How Amazon is solving big-data challenges with data lakes

All Things Distributed Now Go Build! Articles @werner

How Amazon is solving big-data challenges with data lakes

January 20, 2020 • 2157 words

Back when Jeff Bezos filled orders in his garage and drove packages to the post office himself, crunching the numbers on costs, tracking inventory, and forecasting future demand was relatively simple. Fast-forward 25 years, Amazon's retail business has more than 175 fulfillment centers (FC) worldwide with over 250,000 full-time associates shipping millions of items per day.

Amazon's worldwide financial operations team has the incredible task of tracking all of that data (think petabytes).
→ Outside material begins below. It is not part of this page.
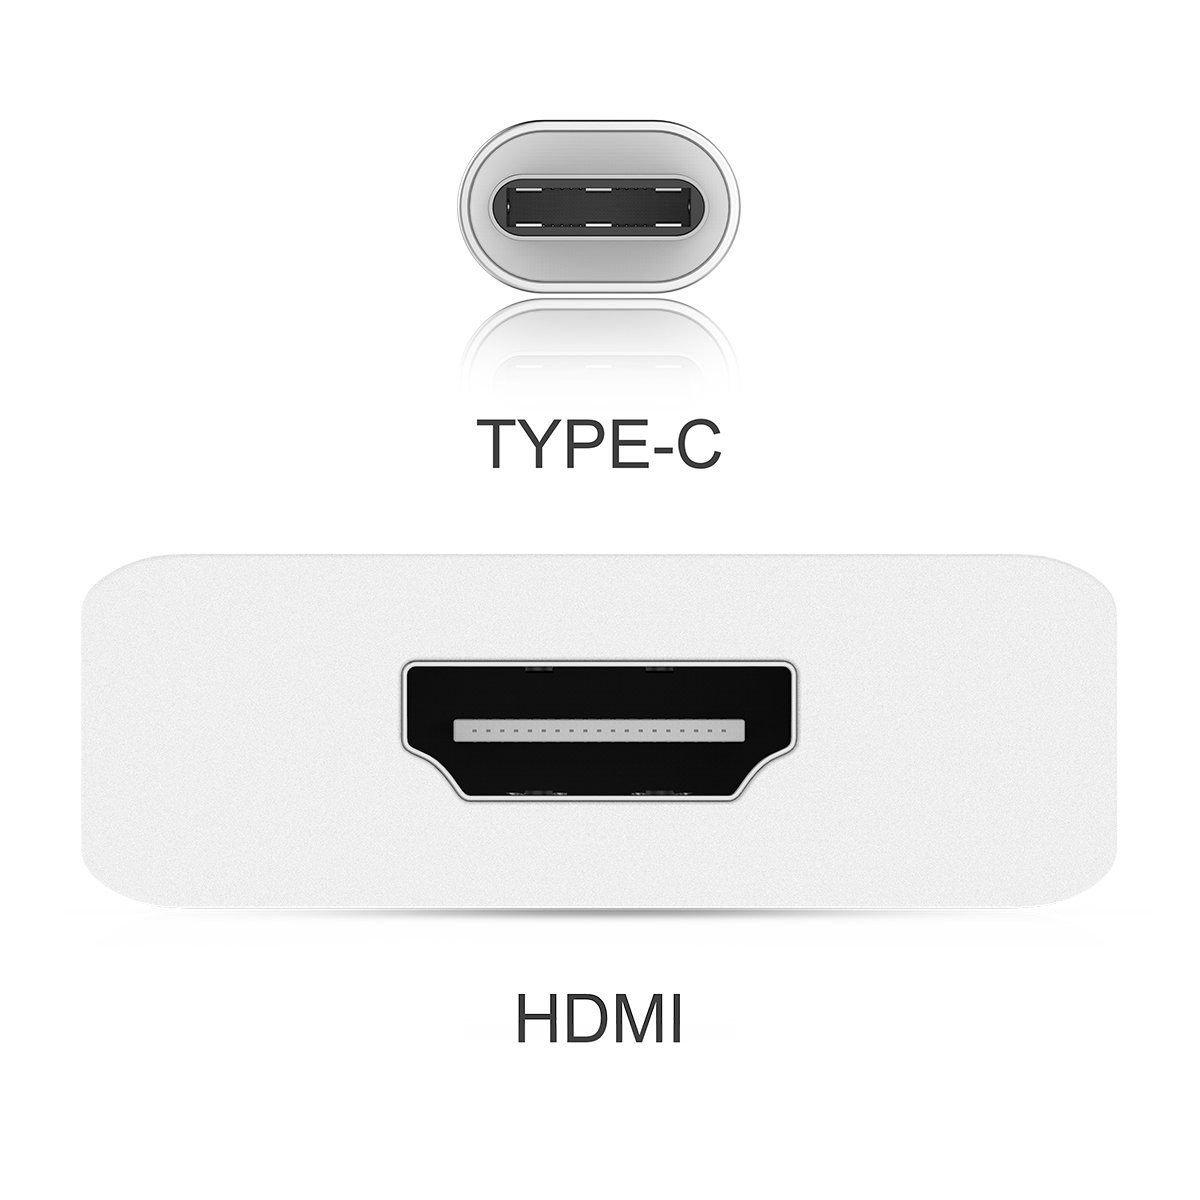 Compatible con Thunderbolt 3 Adaptador USB 2.0 Kimwood Tipo C a HDMI 4K CUHAWUDBA Adaptador USB C a HDMI para Galaxy S8 // S8 Plus//Note 8 Macbook Macbook Pro iMac Chromebook Pixel DELL XPS 15

At Amazon's scale, a miscalculated metric, like cost per unit, or delayed data can have a huge impact (think millions of dollars). The team is constantly looking for ways to get more accurate data, faster.

That's why, in 2019, they had an idea: Build a data lake that can support one of the largest logistics networks on the planet. It would later become known internally as the Galaxy data lake. The Galaxy data lake was built in 2019 and now all the various teams are working on moving their data into it.

A data lake is a centralized secure repository that allows you to store, govern, discover, and share all of your structured and unstructured data at any scale. Data lakes don't require a pre-defined schema, so you can process raw data without having to know what insights you might want to explore in the future. The following figure shows the key components of a data lake.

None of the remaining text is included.